#### Data extract
------------------------

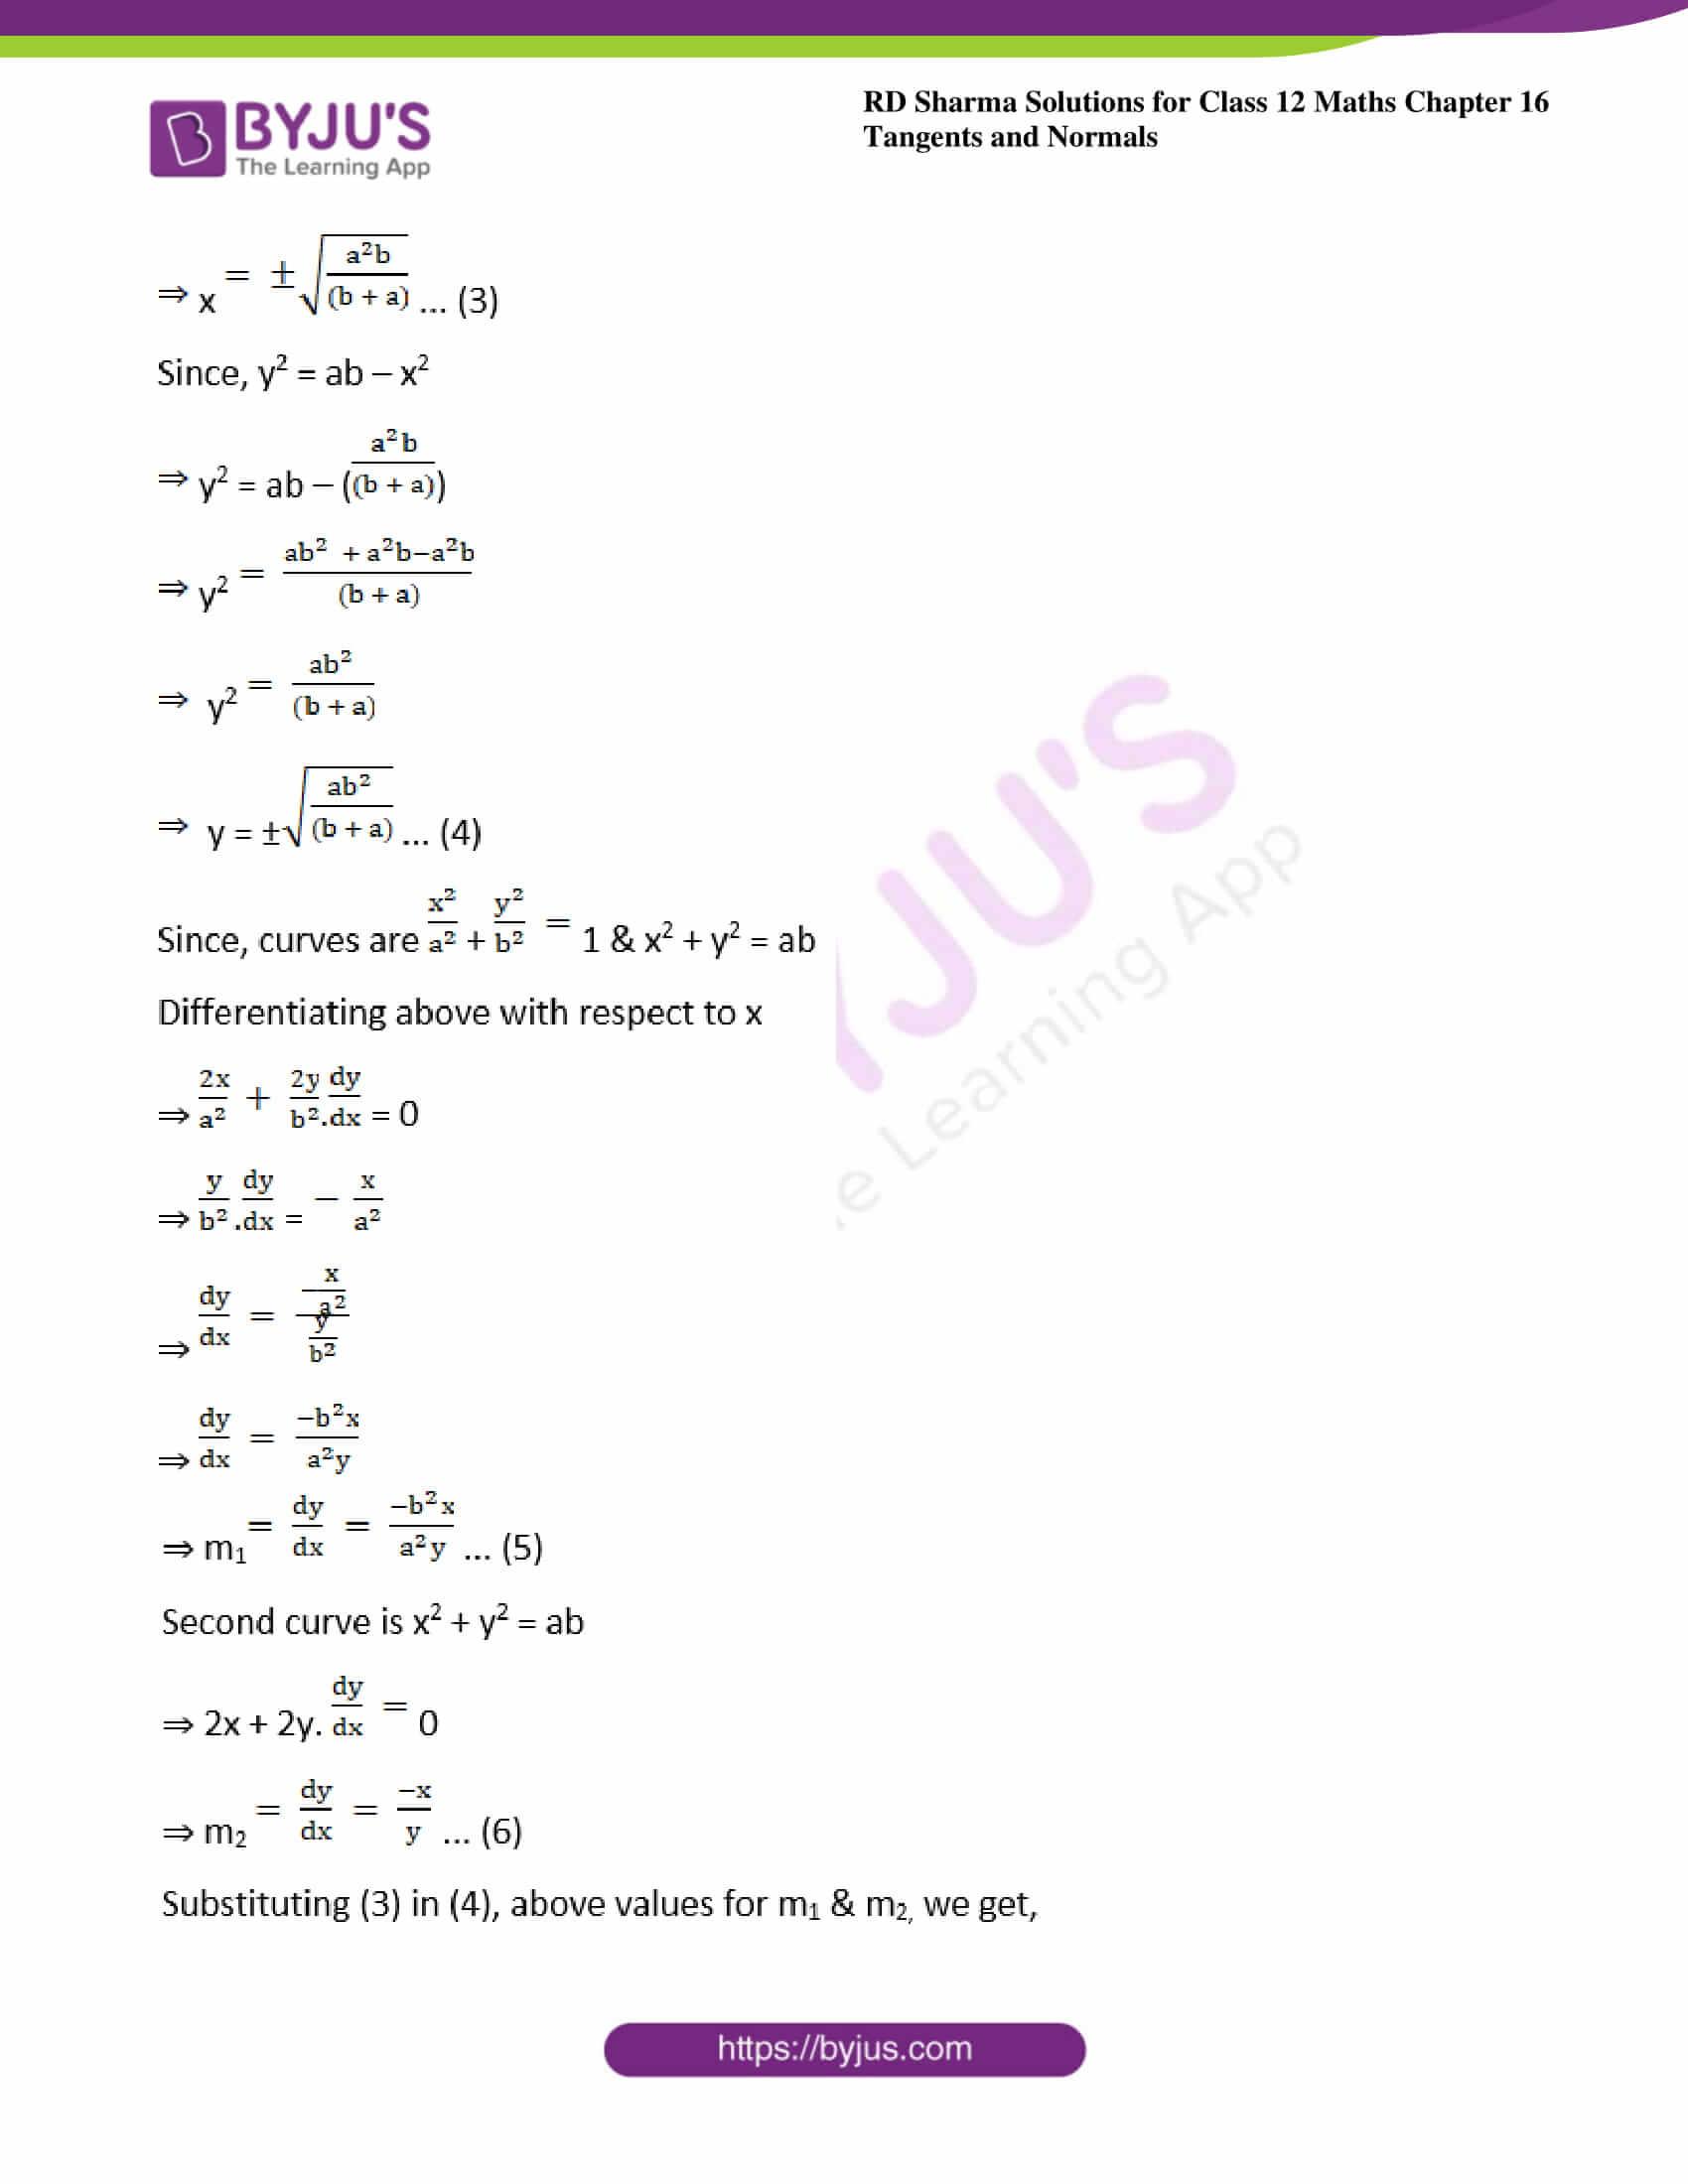 rd sharma class 12 maths solutions chapter 16 ex 3 11
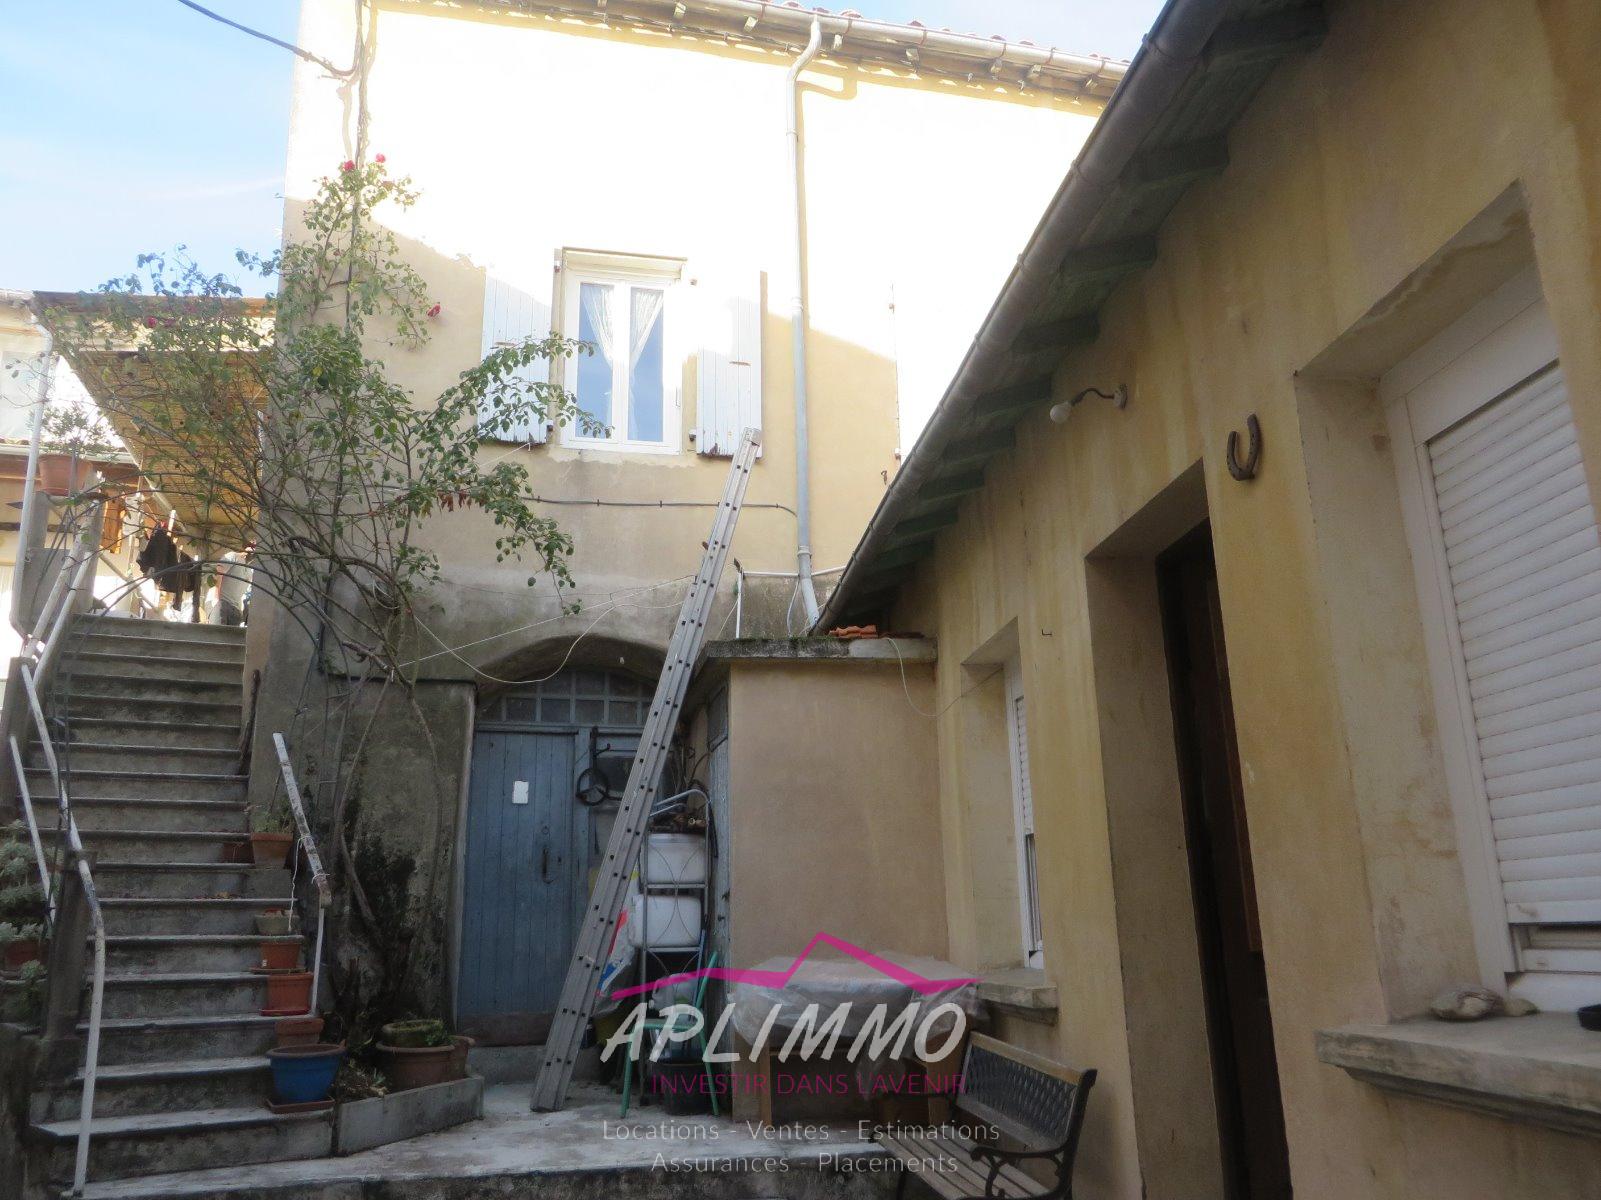 Vente le teil maison en pierre avec terrasse te 2008 - Vente d une maison en indivision ...
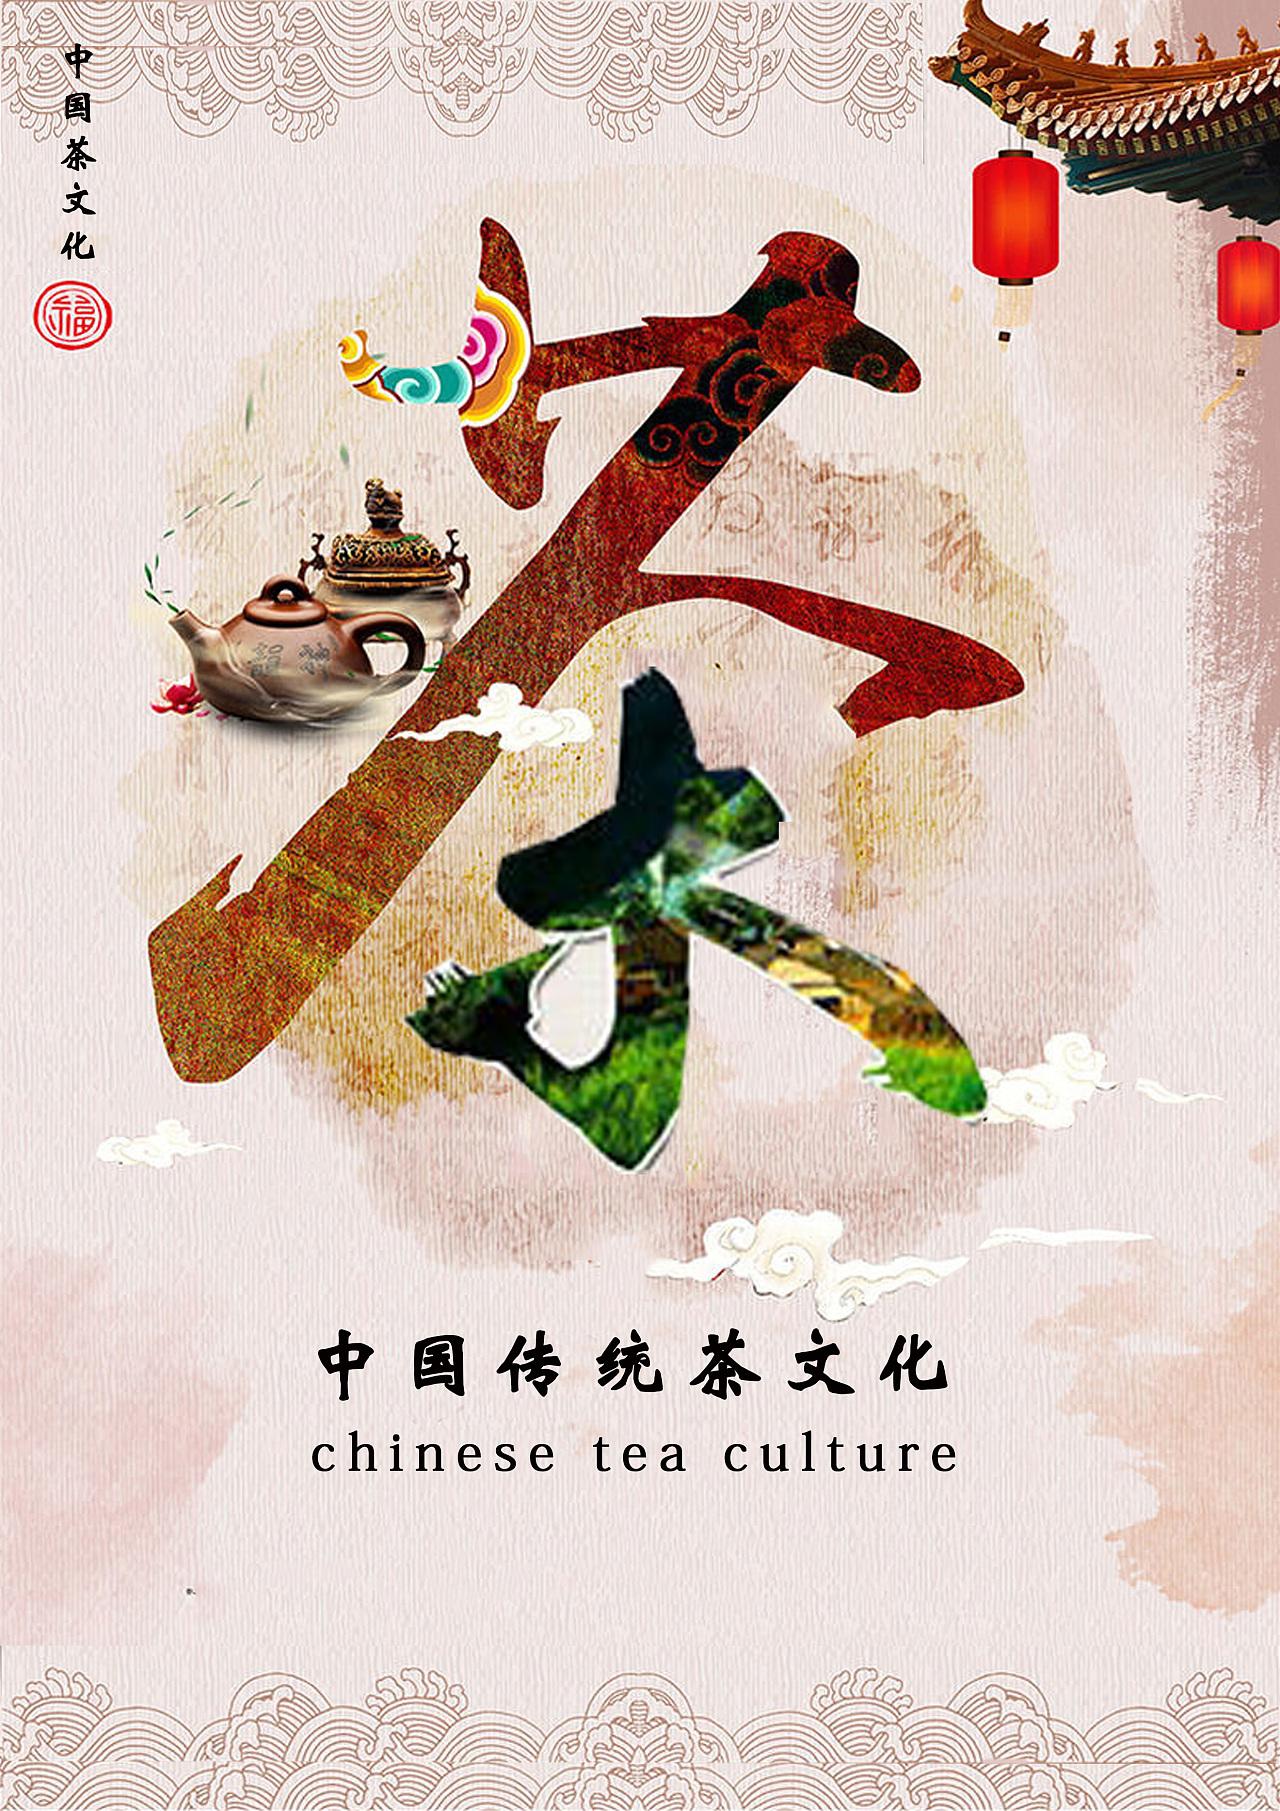 中国传统文化茶文化_中国传统茶文化|平面|海报|王贤辉 - 原创作品 - 站酷 (ZCOOL)

------------------------

#### Problem description
Output the data exactly. Leave every picture out.

#### Output of the task
 rd sharma class 12 maths solutions chapter 16 ex 3 11
 Vente le teil maison en pierre avec terrasse te 2008 - Vente d une maison en indivision ...
 中国传统文化茶文化_中国传统茶文化|平面|海报|王贤辉 - 原创作品 - 站酷 (ZCOOL)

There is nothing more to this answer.